Little progress over 20 years
Martin wasn’t surprised when he was told there are just 79 Black head coaches in Power Five conference sports.
“I see it every day,” Martin said.
Only one sport has more than 15 Power Five Black head coaches — track and field.
Football has 11 Black head coaches, women’s basketball has 12 and men’s basketball has just eight Power Five Black head coaches — despite the sport being dominated by Black athletes.
According to the NCAA, 51% of men’s basketball players in the Power Five conferences were Black in 2019.
That’s a disparity that is concerning to many, including Martin.
In Kentucky, one of Louisville coach Chris Mack’s three full-time assistants is Black, Mike Pegues. At UK, two of coach John Calipari’s three full-time assistants are Black, Kenny Payne and Tony Barbee.
“We’re basically not far from where we were 20 years ago,” said Richard Lapchick, the director of the Institute for Diversity and Ethics in Sport at the University of Central Florida, which publishes an annual Racial and Gender Report Card for each American professional sports league and the NCAA. “The numbers for head basketball coaches, men’s basketball coaches of color, are literally within a percentage point of where they were in 2004, which is the first year we did the modern Racial and Gender Report Card.
“Football coaches are about flat. When you go to other sports obviously, there are even less coaches of color represented. Women’s basketball is doing a little better than 20 years ago, but it was doing awful 20 years ago.”
While there’s a need for more Black coaches in every NCAA sport, track and field and cross country lead the way among Power Five programs with 25 Black coaches. Track and field coaches can be in charge of as many as six teams (men’s indoor track, women’s indoor track, men’s outdoor track, women’s outdoor track, men’s cross country and women’s cross country), although some Power Five schools separate those responsibilities among multiple head coaches.
Greene oversees all six of the Wildcat track and cross country teams.
It takes no time for Greene to rattle off a list of the many Black coaches who have developed national championship contenders in his sport, including former UK coach Edrick Floreal, who now coaches at Texas. But he thinks Black coaches still face greater scrutiny.
“Is that an easy job for them? No, because in my mind we’re analyzed a little deeper, under the microscope,” Greene said. “We don’t have room for error, we don’t have room for mistakes. … In my experience, in my time, it isn’t easy.”
The number of Black head coaches drops off substantially in the remaining sports around the country. There are three coaches in women’s soccer, softball, volleyball, women’s tennis and wrestling; two in gymnastics and one in baseball, beach volleyball, men’s soccer, fencing, men’s tennis and swimming and diving.
The need for increased racial diversity is not limited to coaching staffs.
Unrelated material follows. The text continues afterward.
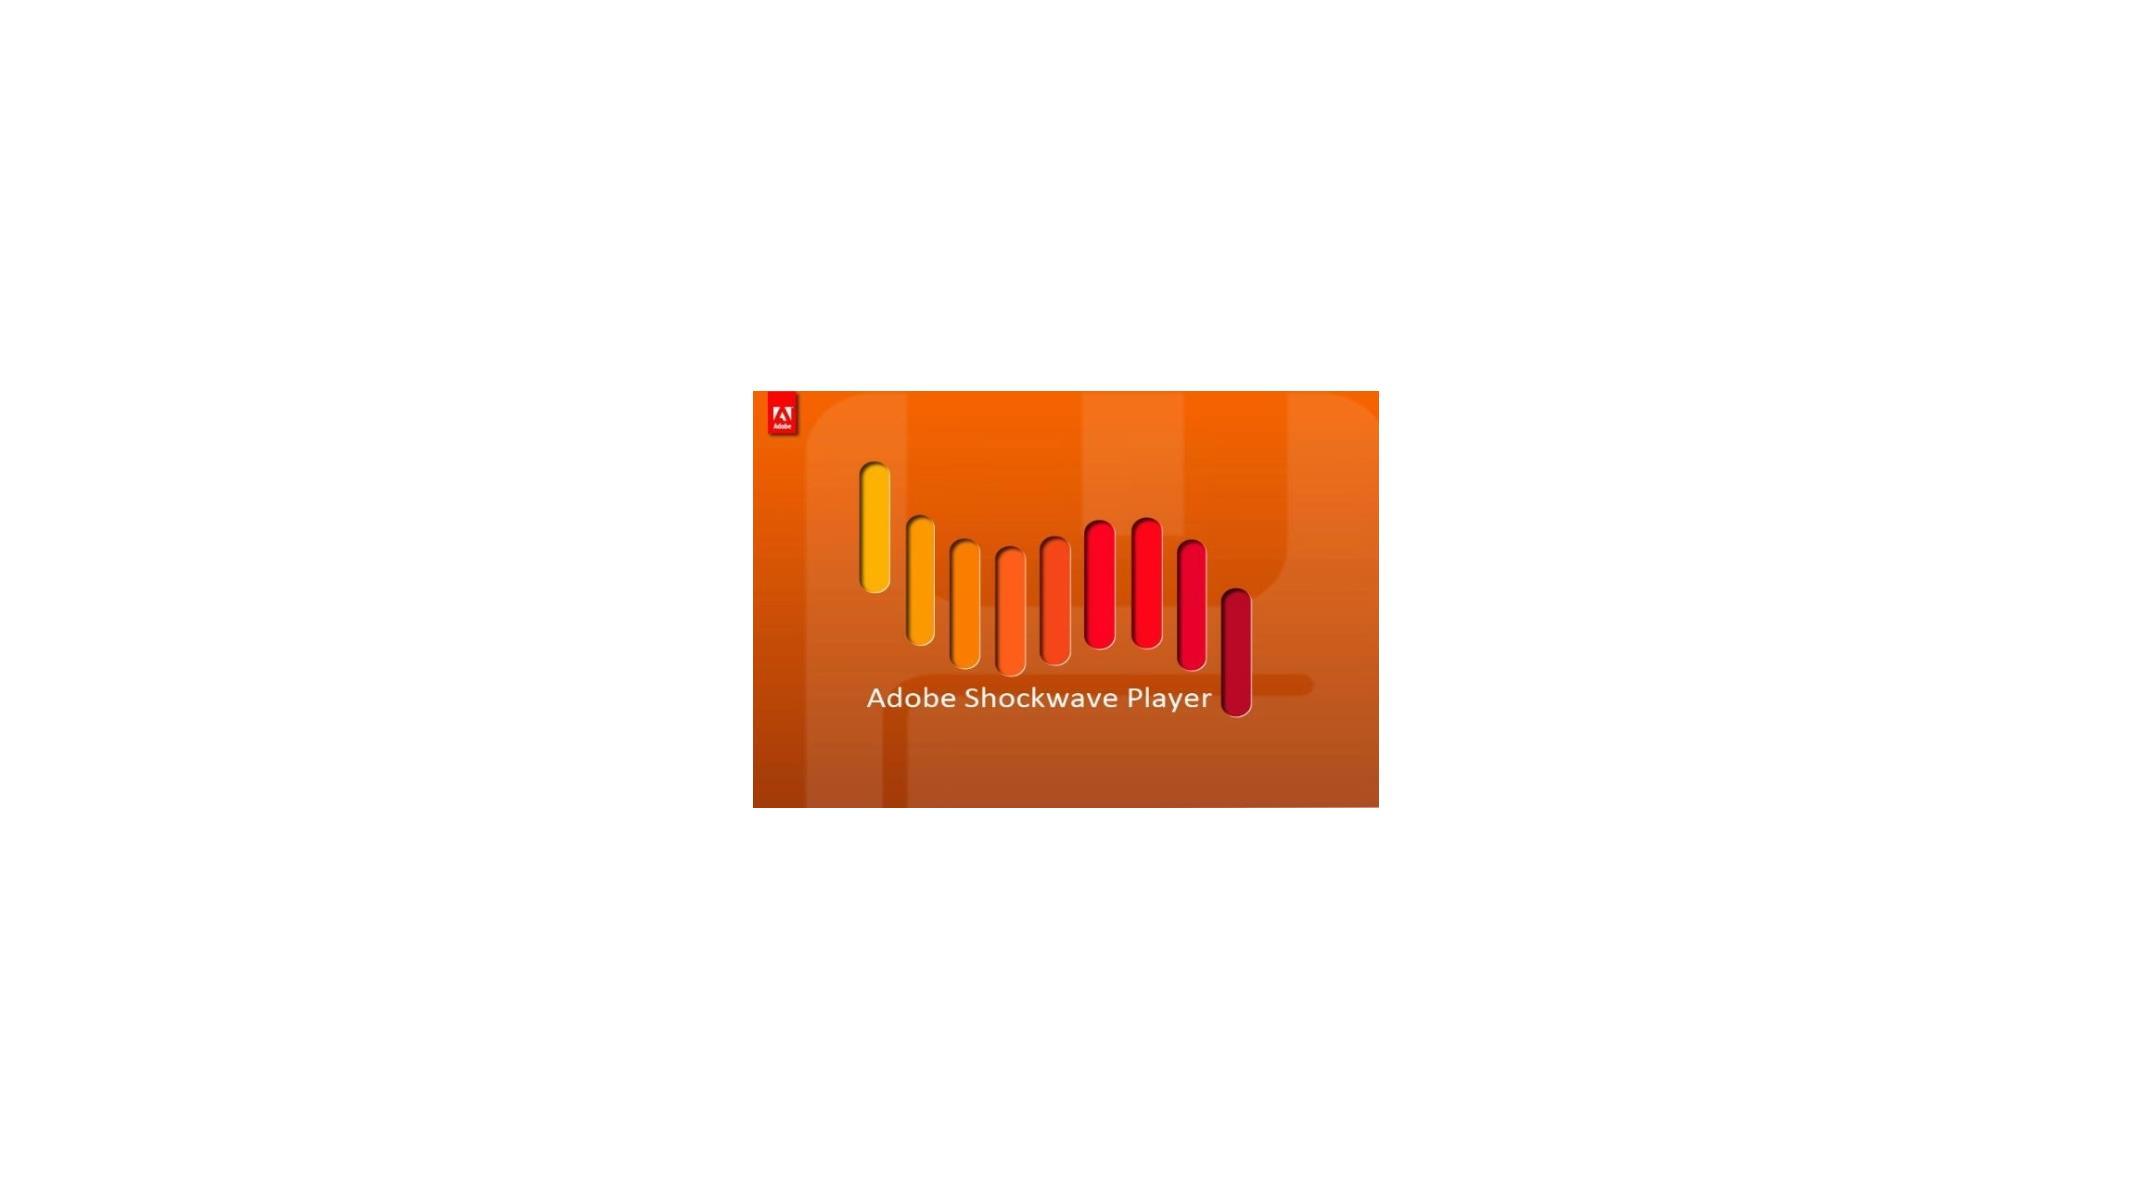 Adobe Pulling Plug On Unloved Shockwave Player On April 9

In a recent webinar hosted by the National Association of Collegiate Directors of Athletics, panelists highlighted the need to hire more administrators of color as well.
During that panel, Auburn athletic director Allen Greene, one of just nine Black athletic directors in the Power Five conferences, said the discussion can’t be about hitting a quota.
“Your motivation to hiring diverse staff should be to put talented people around you and your team so that your team can be better and you can better serve,” he said. “Don’t do it just because, ‘Oh we need to have a person of color or we need to have a female.’
“No, the more diverse perspectives you have, the better decisions you are going to make, which is going to prevent you from getting into trouble and which is going to keep your job longer.”
The impact of diverse representation on coaching staffs and in administrations goes farther than putting together a strong team.
“You have a majority of the team is African American, so it’s important for those guys to see people of the same color as them to be in a leadership position to where they know if at some point I want to be a defensive coordinator or a Fortune 500 company CEO, I can do that,” Louisville defensive coordinator Bryan Brown, who is Black, said. “But until they are able to see people of color in those type of roles, I think they have doubt in their minds, like, ‘Maybe I can’t do that,’ so it’s important to have African Americans in leadership roles.”
Working to improve diversity
The Courier Journal also asked Power Five schools to share any diversity hiring initiatives within their athletics department.
Several noted the creation of positions within the senior leadership staff focused on diversity or diversity and inclusion committees. Many of the schools with no Black head coaches acknowledged work to be done in their athletic departments in improving diversity.
A Texas spokesman told The Courier Journal the Longhorns have adopted a policy similar to the NFL’s Rooney Rule, requiring minority candidates to be interviewed for job openings.
Oregon and Oregon State are subject to a state law requiring qualified minority candidates to be interviewed for head coach or athletic director openings.
Martin, though, isn’t a fan of the Rooney Rule.
“I think it’s disrespectful to say, ‘OK, here’s a Rooney Rule to put stuff in place to hire somebody when probably the majority of, or especially in the sports where the majority of the players on the field and court are players of color,’” Martin said. “Why do we have to do that? You see it in all the major sports and professional sports too? The ones that are coaching the sports are in most cases not Black men or Black women.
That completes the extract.